* **Data extract**:

○ ○ ○ ○ ○

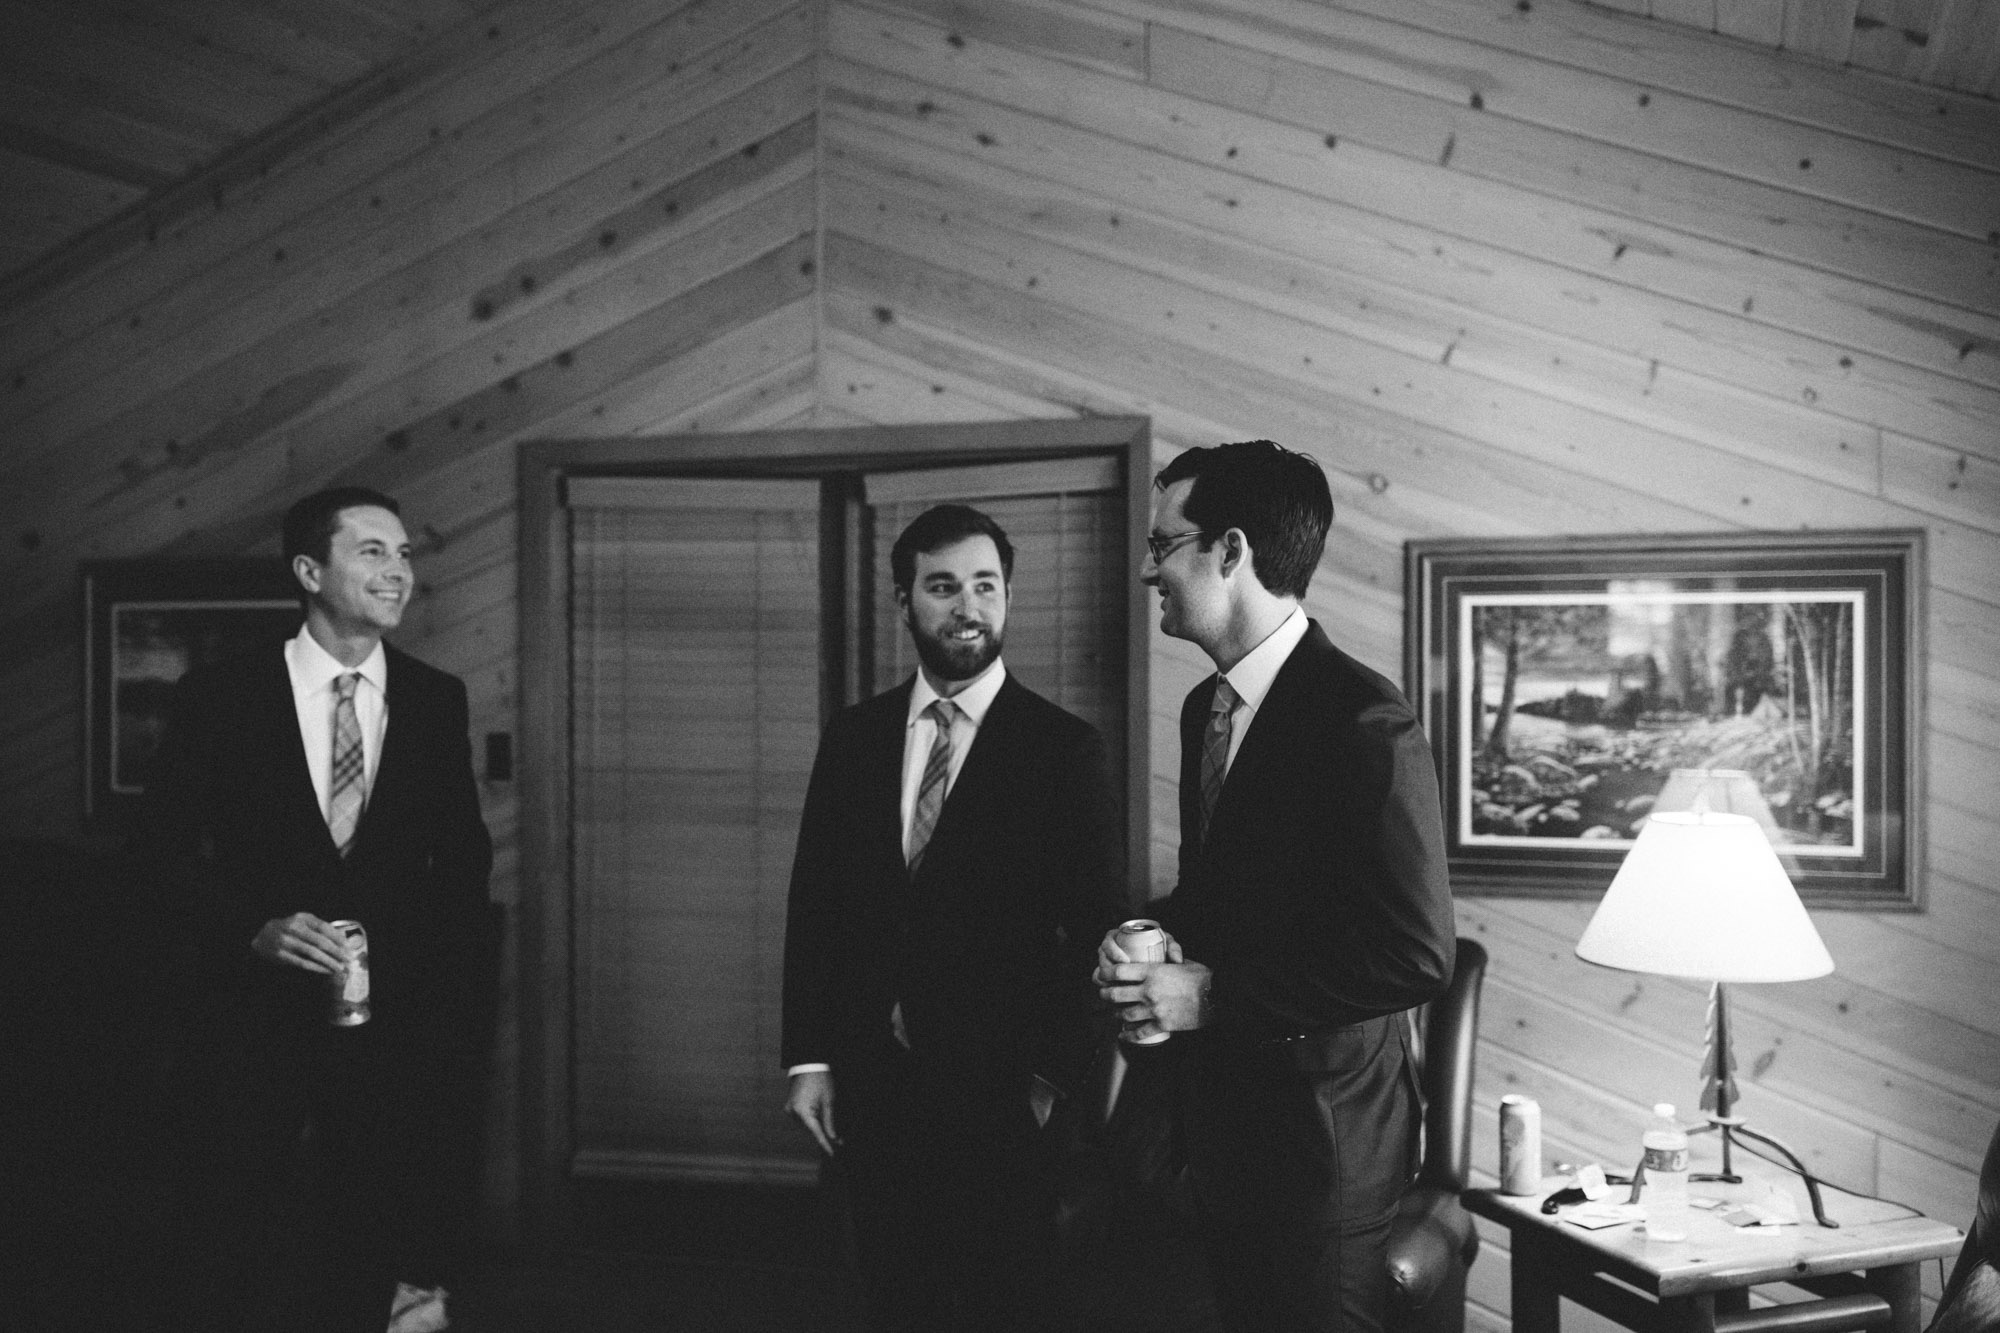 Groom and groomsmen in cabin at Grand View Lodge. Photography by Britt DeZeeuw, Brainerd Minnesota photographer.
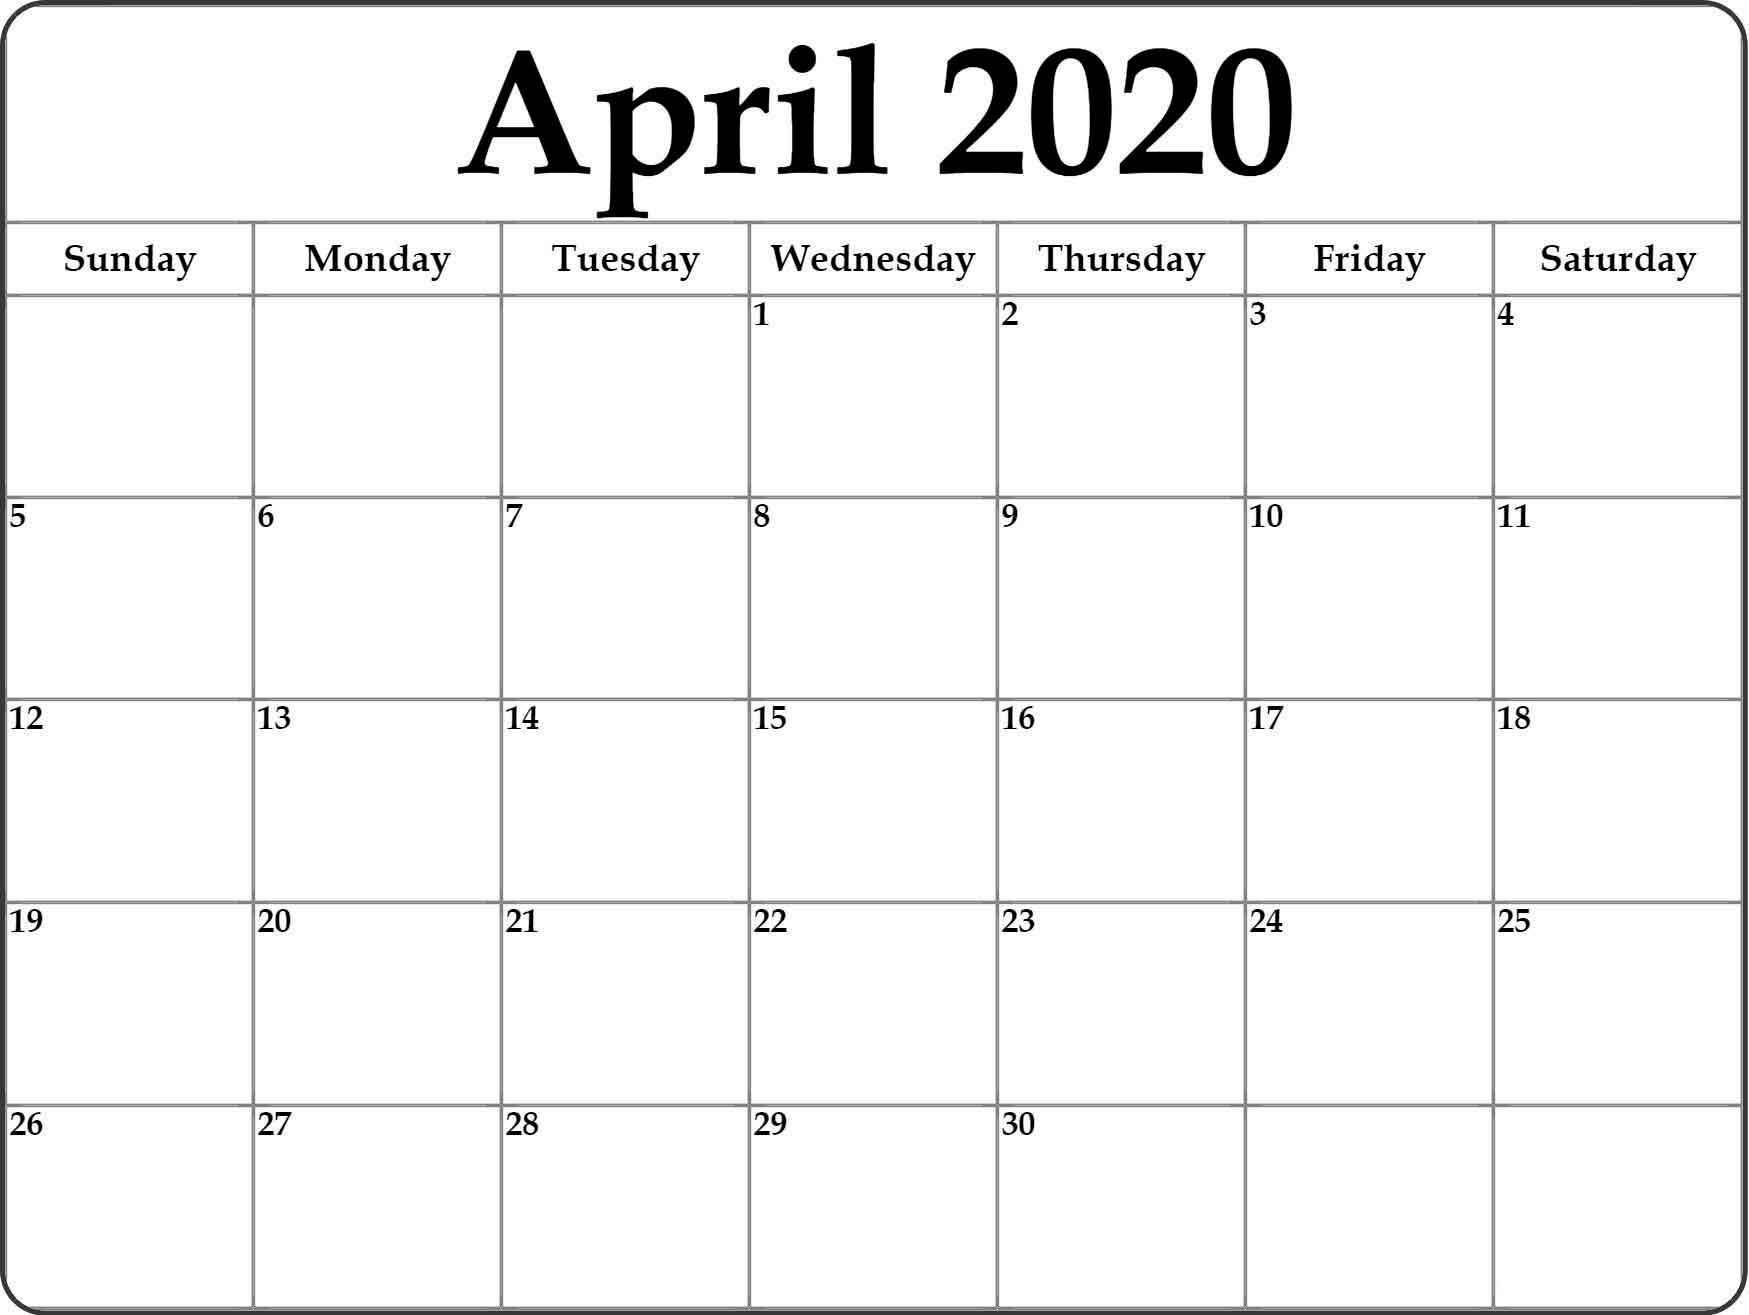 Google Calendar April 2020 - Free Printable Calendar Templates
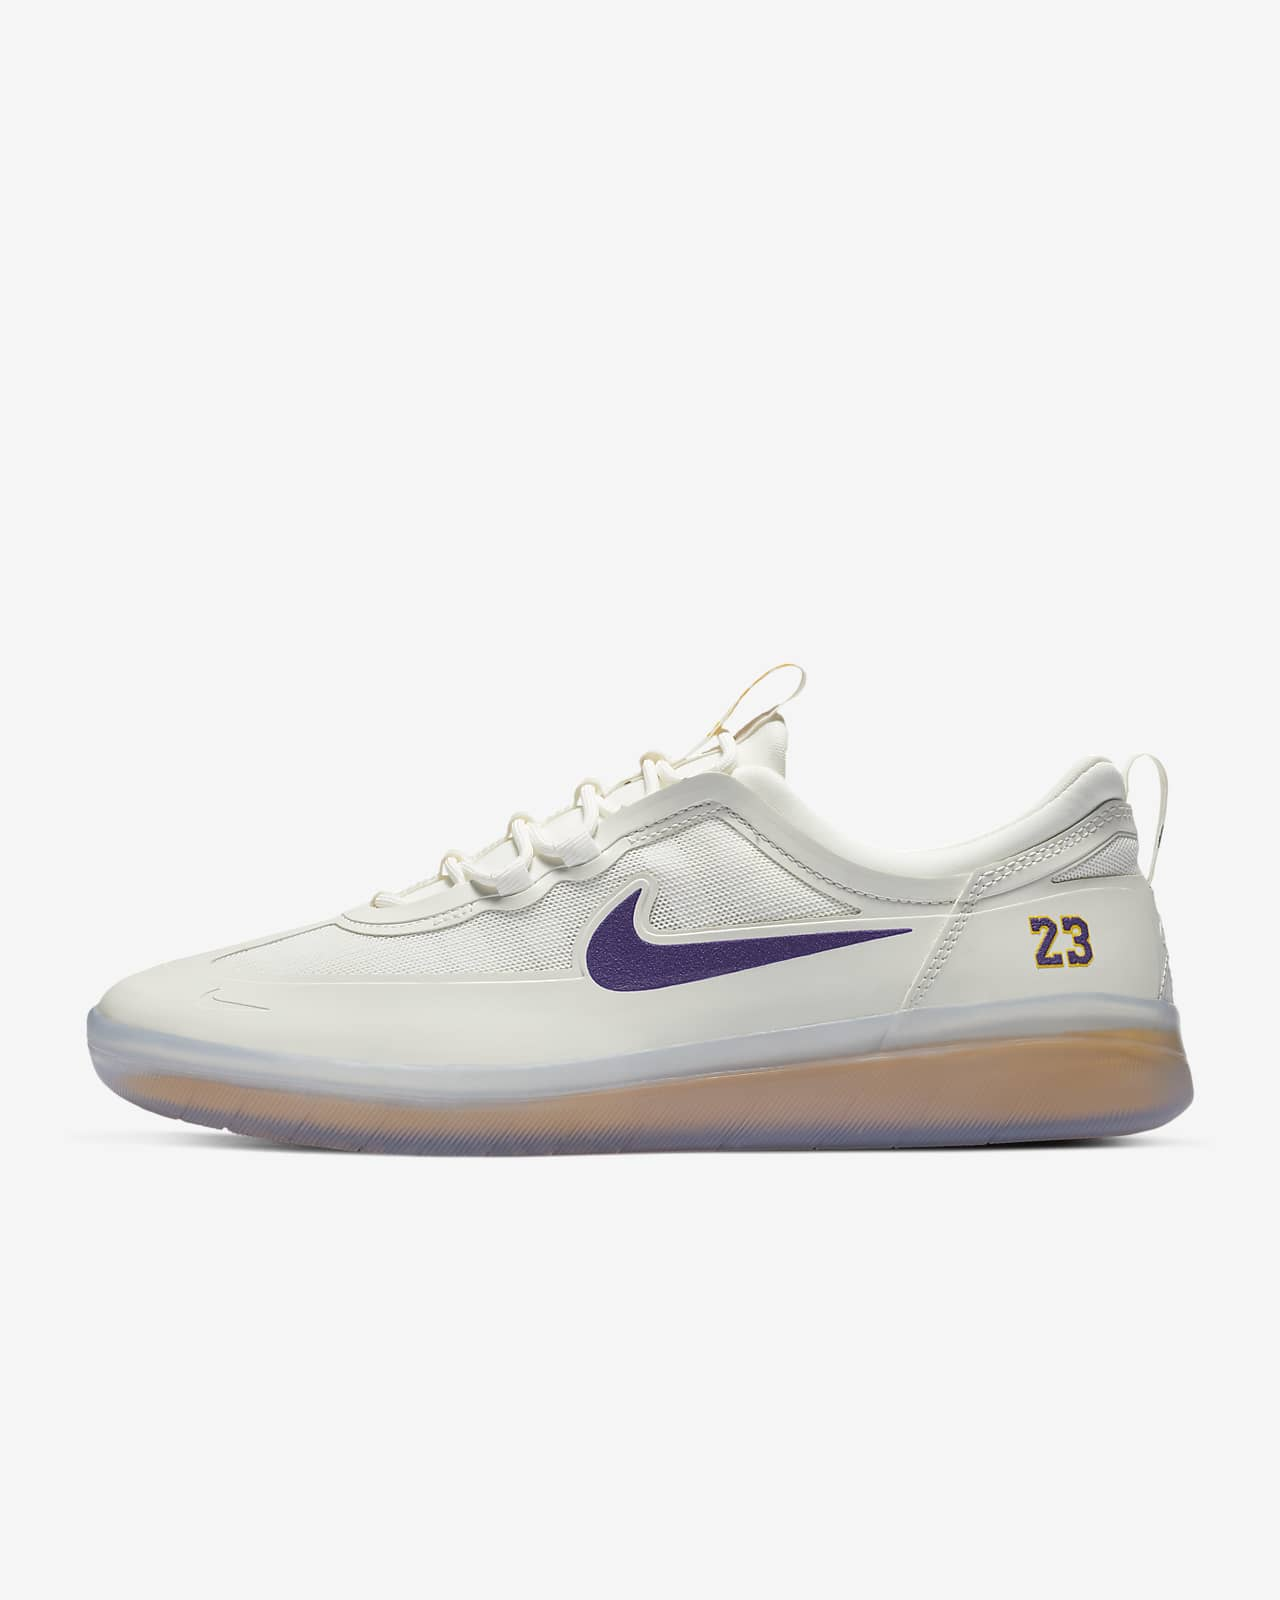 Chaussure de skateboard Nike SB Nyjah Free 2 NBA
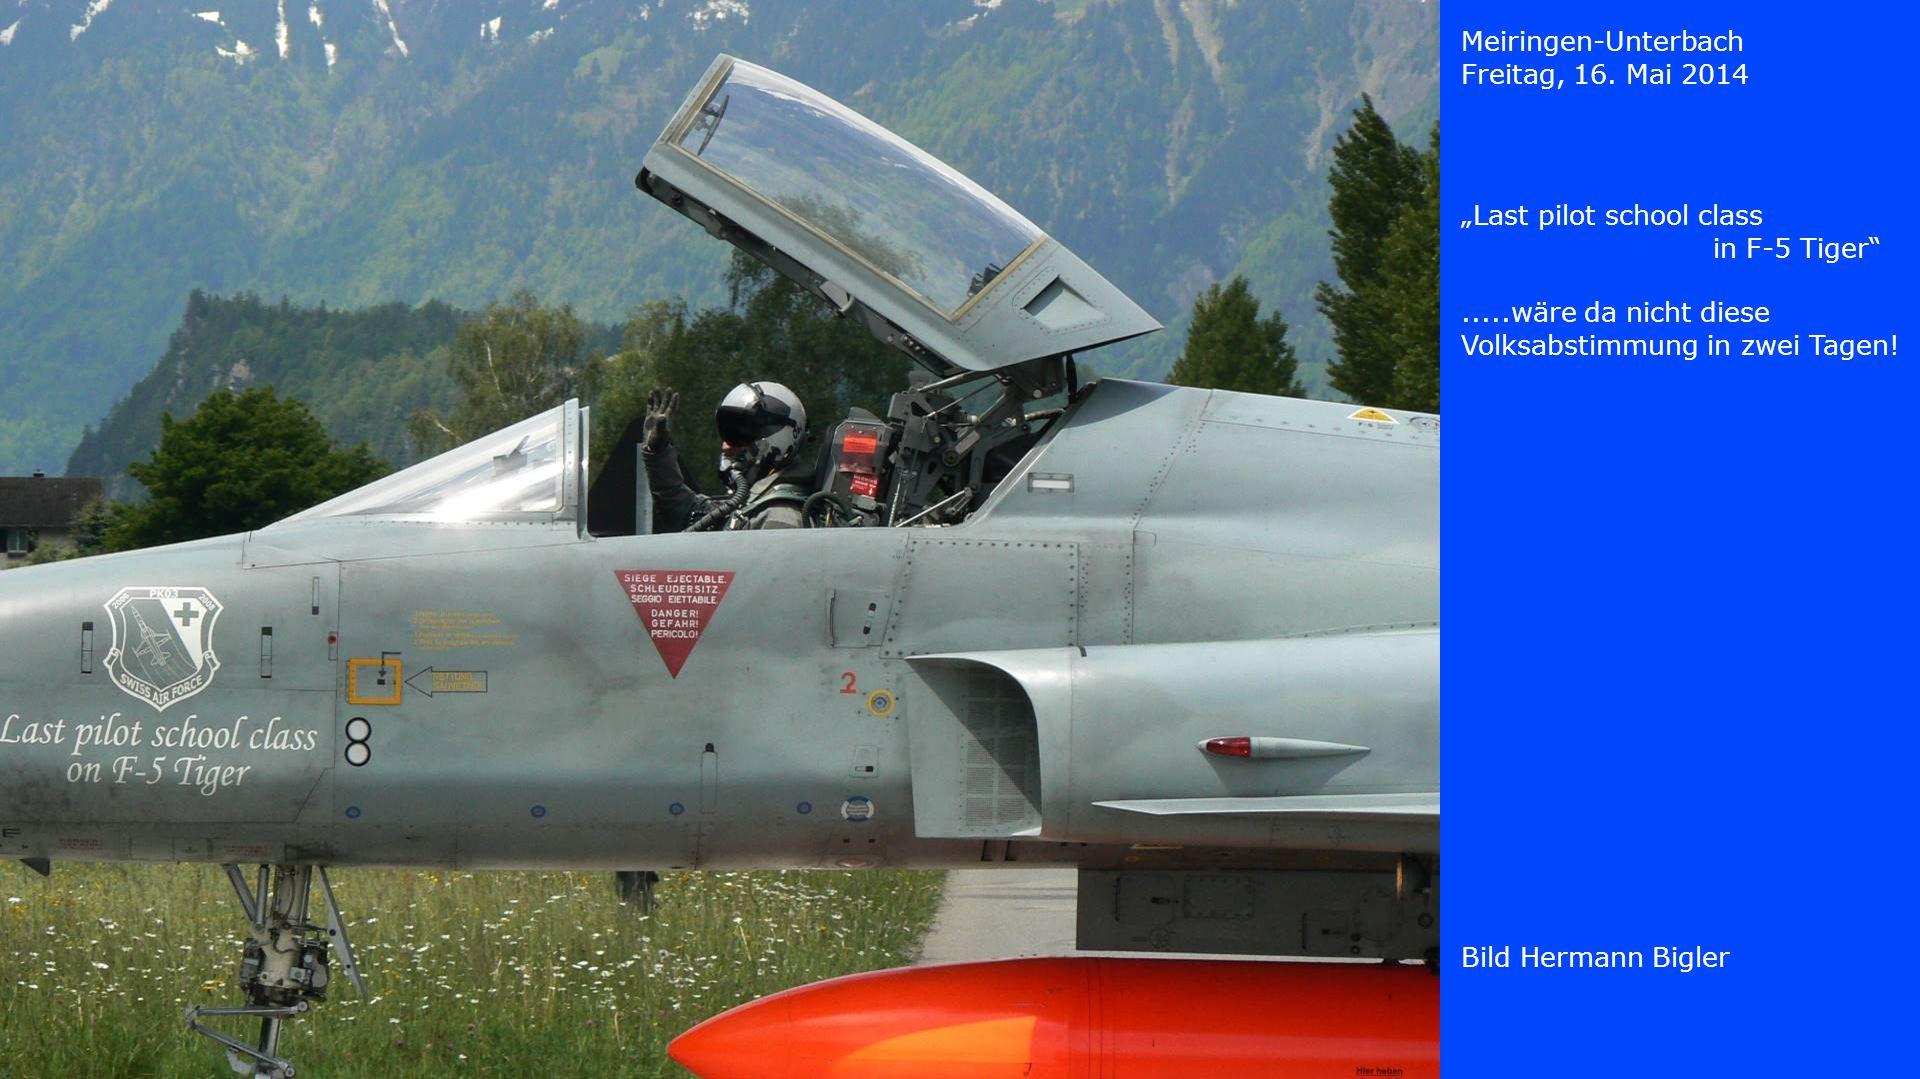 "Meiringen-Unterbach Freitag, 16. Mai 2014. ""Last pilot school class in F-5 Tiger"

○ ○ ○ ○ ○

Reproduce the listing verbatim, and keep the pictures out of the copy.

* **Response to this task**:
 Groom and groomsmen in cabin at Grand View Lodge. Photography by Britt DeZeeuw, Brainerd Minnesota photographer.
 Google Calendar April 2020 - Free Printable Calendar Templates
 Chaussure de skateboard Nike SB Nyjah Free 2 NBA
 "Meiringen-Unterbach Freitag, 16. Mai 2014. ""Last pilot school class in F-5 Tiger"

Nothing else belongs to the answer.